I prefer the Star Hunter, NAP Quicktune 750 or the Centerrest from NAP...currently shooting the Starhunter ( found it on eBay for LESS then $14 shipping included...saw two brand NEW FOR $26...1" of dust on package extra :wink: at sporting goods store !!!! ) Also the Quicktune shows up every so often, just have to check and recheck like I have to find them, last time I checked one Star was listed by the same seller ( same price )


----------



## arrowshooters (Jun 5, 2006)

I have been using a Trophy Taker Drop Away for about 2 years now and love it. When I switched it took me about a week to discover why a drop away can be so inconsistent with fingers, but after a little modification to the launcher I was banging them together just as well if not better than before.


----------



## big cypress (Jul 31, 2006)

i find that particular model of bodoodle to heavy . lots of cheapy flipper rests on ebay [and i can't quit buying them ] .


----------



## CutTheLoop (Dec 26, 2007)

arrowshooters said:


> I have been using a Trophy Taker Drop Away for about 2 years now and love it. When I switched it took me about a week to discover why a drop away can be so inconsistent with fingers, but after a little modification to the launcher I was banging them together just as well if not better than before.


Pics? :wink:

Have a TT Pronghorn gathering dust... been curious to try it out.


----------



## arrowshooters (Jun 5, 2006)

CutTheLoop said:


> Pics? :wink:
> 
> Have a TT Pronghorn gathering dust... been curious to try it out.


I used to have them here but they are gone so I will put more up tonight with some explanation.


----------



## AReric (Mar 6, 2010)

I like fall away rests, but don't you need side support of the arrow, like with a plunger for example? I did see Team Fitzgerald using Qad on their bows though......? :confused3:


----------



## arrowshooters (Jun 5, 2006)

OK, what I found was that with fingers the arrow would have a tendency to ride up the inside of the rest due to the torque on the string and the arrow wanting to "slide" right, or inside. (I am a RH shooter) This caused the erratic flight. The first pic shows the little piece of plastic I stuck to the launcher completely stopping this arrow movement. The other two are the "finished" pics, note the little bump under the mole skin.


----------



## arrowshooters (Jun 5, 2006)

AReric said:


> I like fall away rests, but don't you need side support of the arrow, like with a plunger for example? I did see Team Fitzgerald using Qad on their bows though......? :confused3:


My personal opinion is the side support is only needed to stop what I said at the beginning.
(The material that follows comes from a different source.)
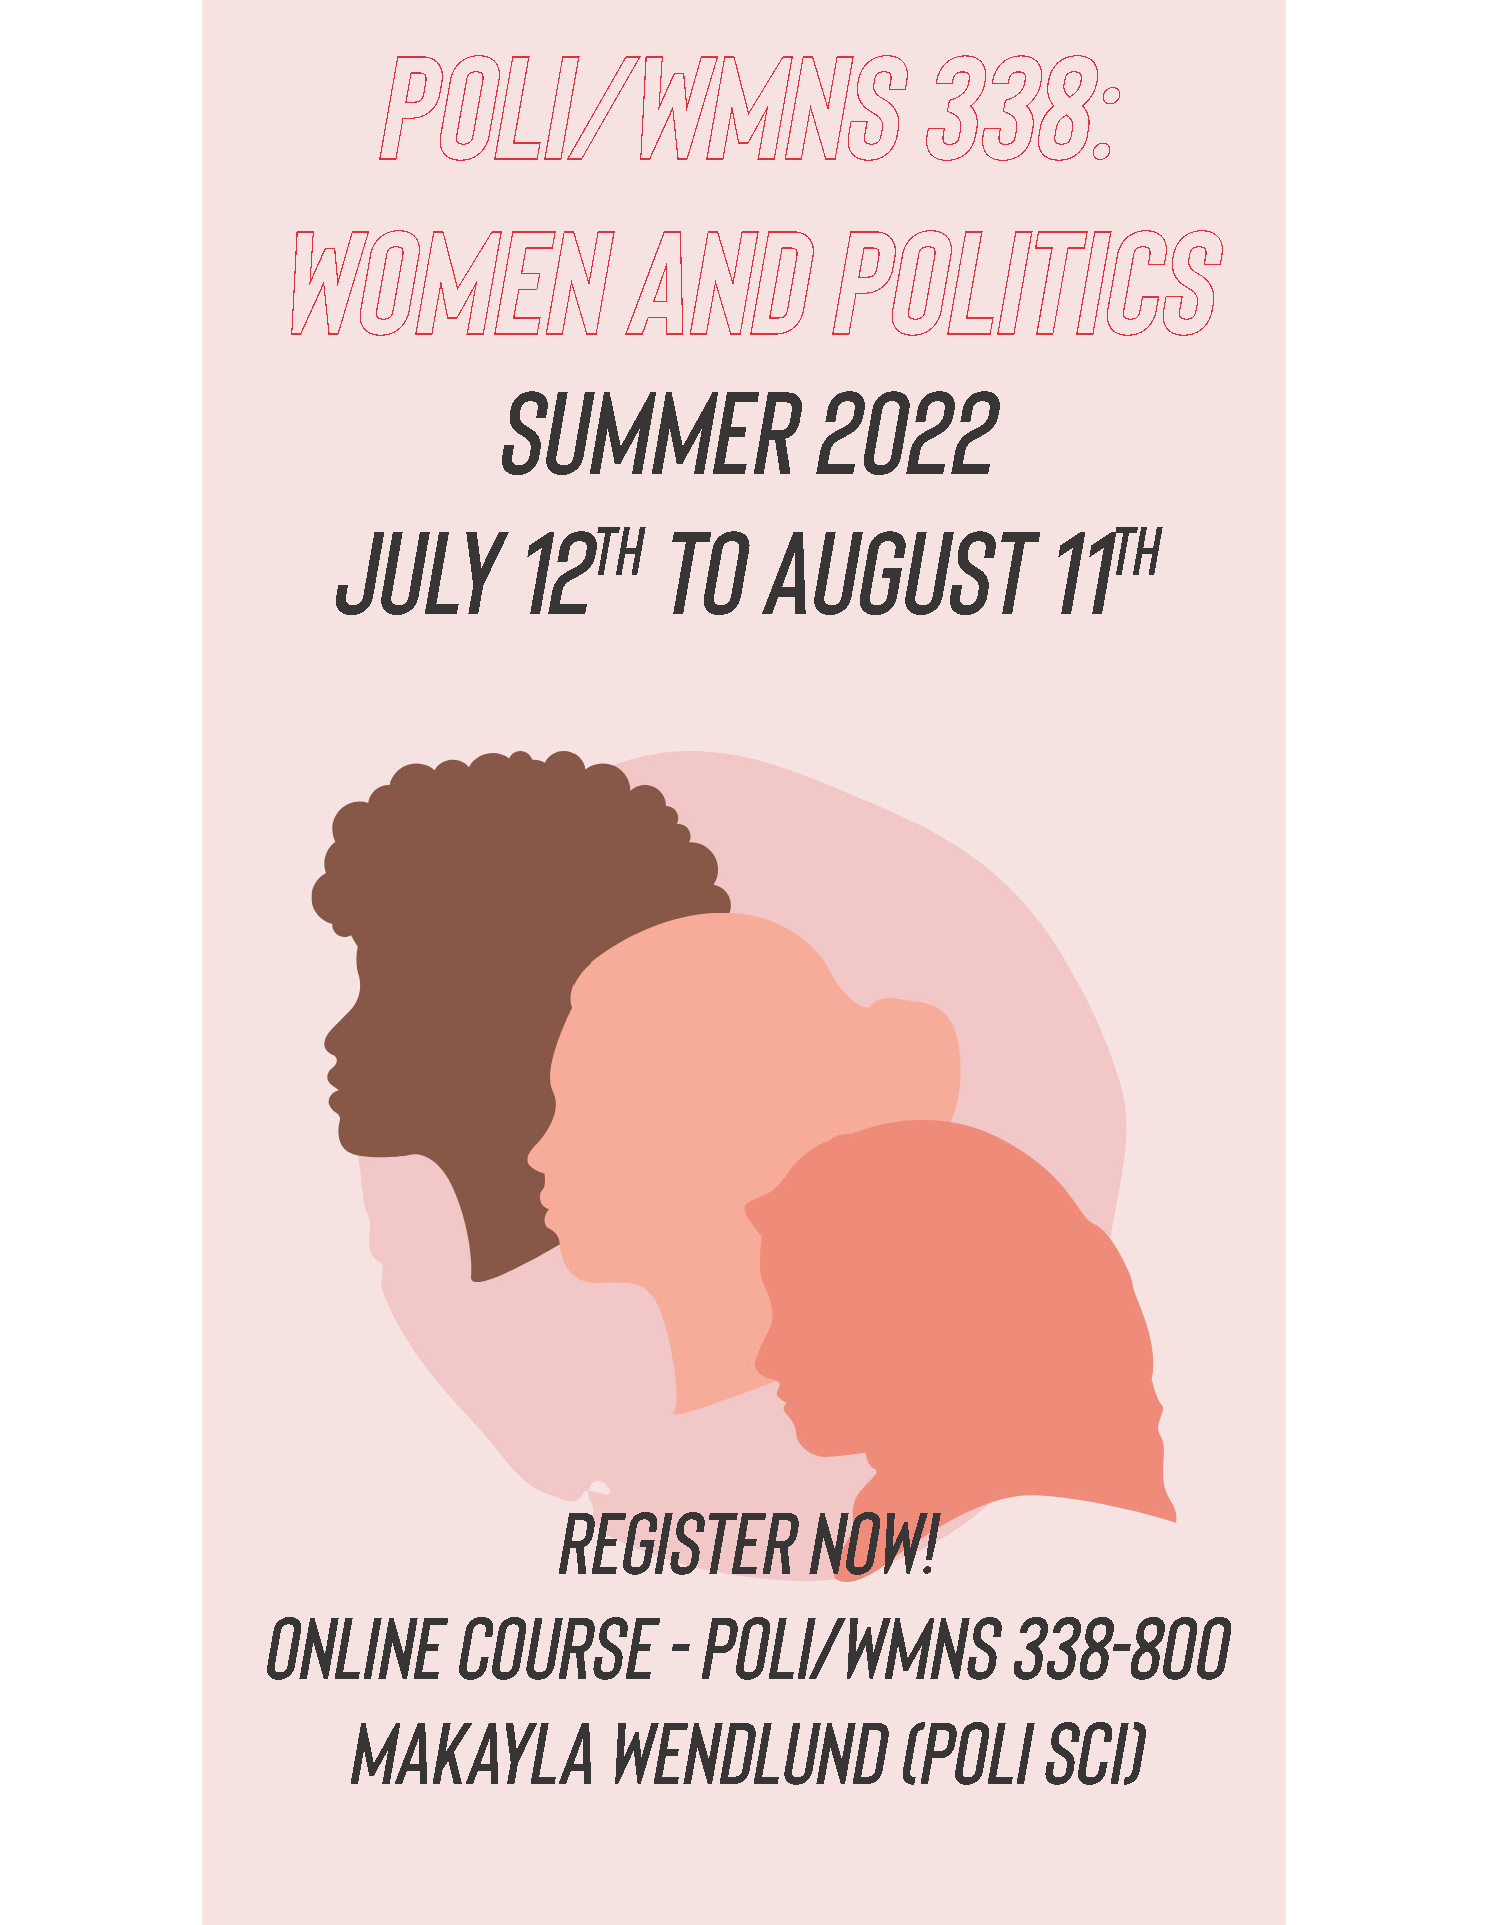 WMNS/POLI 338 "Women and Politics" For Summer 2022

When I first set up the drop away I found that if I did not allow the string to "roll" in my fingers at all, including when anchored, I shot just fine. But this took way too much concentration and more often than not the arrow was floating around in the rest. What made the lightbulb go off was watching my arrow while I drew back the bow and here we are.

Oh, I have the Center shot setup at 0 and the launcher comes up at the very end.

I did think about trying this with a QAD or Ripcord, but their launchers are round plastic and I felt that I would have to take off too material to make a flat spot to glue the stop.


----------



## fingerman (May 23, 2006)

*finger rest*

Cavalier Free Flyte with a Plunger shootin 300s and 440s I think it works, just my thoughts. Fingerman


----------



## bbqguy260 (Dec 12, 2006)

I also have a trophy taker that I am experimenting with and have the same problem with the arrow moving on the rest when drawing. How did you attach the peace of plastic to the rest? How thick is the plastic? Any more ideas on improving this trophy taker? It takes too much concentration on adjusting my fingers when it needs to be on the target.


----------



## arrowshooters (Jun 5, 2006)

bbqguy260 said:


> I also have a trophy taker that I am experimenting with and have the same problem with the arrow moving on the rest when drawing. How did you attach the peace of plastic to the rest? How thick is the plastic? Any more ideas on improving this trophy taker? It takes too much concentration on adjusting my fingers when it needs to be on the target.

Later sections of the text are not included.